Философ Аристипп был человек очень спокойный и легко примиряющийся с невзгодами, как, впрочем, и подобает философу. Он, например, тратил большие средства на свою возлюбленную, заведомо зная, что та ему изменяет.
– Ну, что же, – спокойно утешался Аристипп, – ведь я ей даю деньги не за то, чтобы она была неблагосклонна к другим, а за то, чтобы она была благосклонна ко мне.
Сиракузский тиран Дионисий имел манеру раздражать людей, сажая их на последние места у себя за столом. Так поступил он с Аристиппом. Однажды, принимая его у себя, он посадил его на почетное место, а на следующий день посадил на последнее, причем, конечно, не преминул спросить: как, мол, ты находишь твое сегодняшнее место за столом по сравнению со вчерашним?
– Не нахожу между ними разницы, – ответил философ, – оба делаются почетными, когда я сижу на них.
– Если бы ты привык, как я, кормиться бобами, – говорил Аристиппу Диоген, – так не был бы рабом у тирана.
Аристипп же ему возразил:
– Если бы ты умел ладить с людьми, так не кормился бы одними бобами.
Однажды, умоляя о чем-то Дионисия, Аристипп бросился к его ногам. Когда ему ставили в вину такое излишнее унижение, он говорил:
– Что же делать, коли у этого человека уши на ногах.
В другой раз, когда он у того же Дионисия просил денежной помощи, тот с насмешкой сказал ему:
– Ведь ты сам же все твердишь, что философ ни в чем не нуждается.
– Мы сейчас рассмотрим и разрешим этот вопрос, только дай мне денег, – настаивал Аристипп.
И когда деньги ему были даны, он сказал:
– Ну, вот теперь и я ни в чем больше не нуждаюсь.
Какой-то богатей приглашал Аристиппа давать уроки сыну. Философ запросил за обучение довольно значительную сумму, а богач заупрямился и говорил, что за такие деньги можно купить осла.

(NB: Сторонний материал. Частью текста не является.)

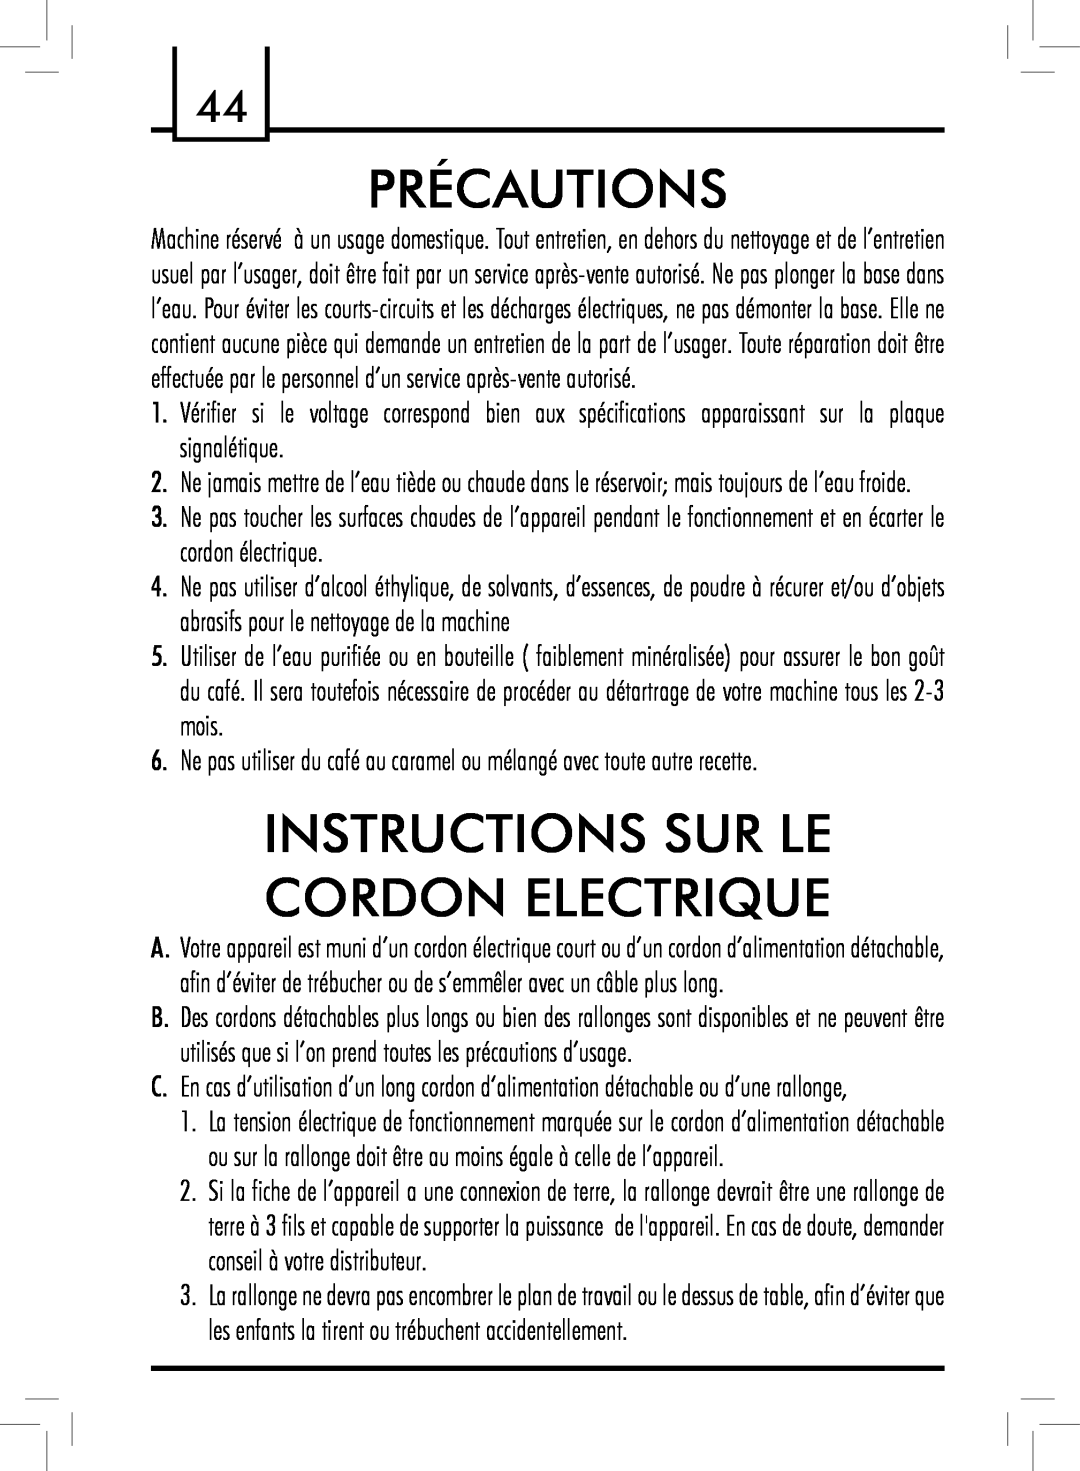 Saeco Coffee Makers PLUS manual Précautions, Instructions Sur Le Cordon Electrique

– Ну и купи, – сказал философ, – будут у тебя два осла.
Аристипп любил хорошо покушать, и его за это иногда упрекали. Он обычно возражал собеседнику: будь все эти изысканные блюда дешевы, он и сам бы их приобретал для себя. И собеседник, конечно, с этим должен был соглашаться.
– Значит, по-настоящему, надо тебя упрекать за скаредность, а не меня за расточительность, – заключал Аристипп.
В другой раз в ответ на подобный же упрек (по поводу какого-то лакомства, за которое он заплатил очень дорого) он задал упрекавшему вопрос:
– А если бы это стоило один обол, ты бы купил?
Ответ был утвердительный.
– Ну, так для меня пятьдесят драхм то же, что для тебя обол, – заключил философ.
Г. Ахен. Торжество истины
Во время одного плавания поднялась буря, судну угрожала опасность, и Аристипп, который тогда плыл на этом судне, испугался. Кто-то из матросов заметил ему:
– Нам, простым смертным, буря не страшна, а вы, философы, трусите во время бури.
– Это и понятно, – отвечал философ, – мы оба рискуем жизнью, но наш риск совсем иной, чем ваш, потому что цена нашей жизни совсем иная.
Некто в присутствии Аристиппа говорил, что философы только и делают, что обивают пороги богатых и знатных, а между тем богатые что-то не особенно усердно посещают философов.
– Но точно так же и врачей ты всегда встретишь в домах больных, а ведь всякий охотнее согласился бы быть врачом, нежели больным.
Аристиппу же приписывается очень грубая, хотя, быть может, и обоснованная выходка. Однажды, когда управляющий тирана Дионисия показывал ему какие-то роскошные покои, Аристипп вдруг плюнул управляющему прямо в лицо, объясняя эту невежливость тем, что не мог выбрать для плевка другое, более подходящее место среди этого великолепия.
Один неважный художник показывал знаменитому Апеллесу, царю живописцев классического мира, какую-то свою картину, причем счел нелишним похвастать, что он написал ее в самое короткое время.
– Это и видно, – заметил Апеллес, – и мне только удивительно, что ты за такое время успел написать лишь одну такую картину.
О том же Апеллесе рассказывают, что он однажды выставил свою картину, чтобы услышать о ней мнение каждого, кто найдет в ней какой-нибудь недостаток. Какой-то чеботарь сейчас же рассмотрел на картине некоторую неточность в рисунке сандалии и указал на нее Апеллесу. Художник согласился, что замечание основательно, и поправил свою ошибку. Тогда чеботарь, ободренный своим успехом, начал указывать на ошибки в рисунке ноги. Отсюда, говорят, и пошла классическая поговорка: «Сапожник, оставайся при своих колодках», – слова, с которыми Апеллес обратился к своему критику.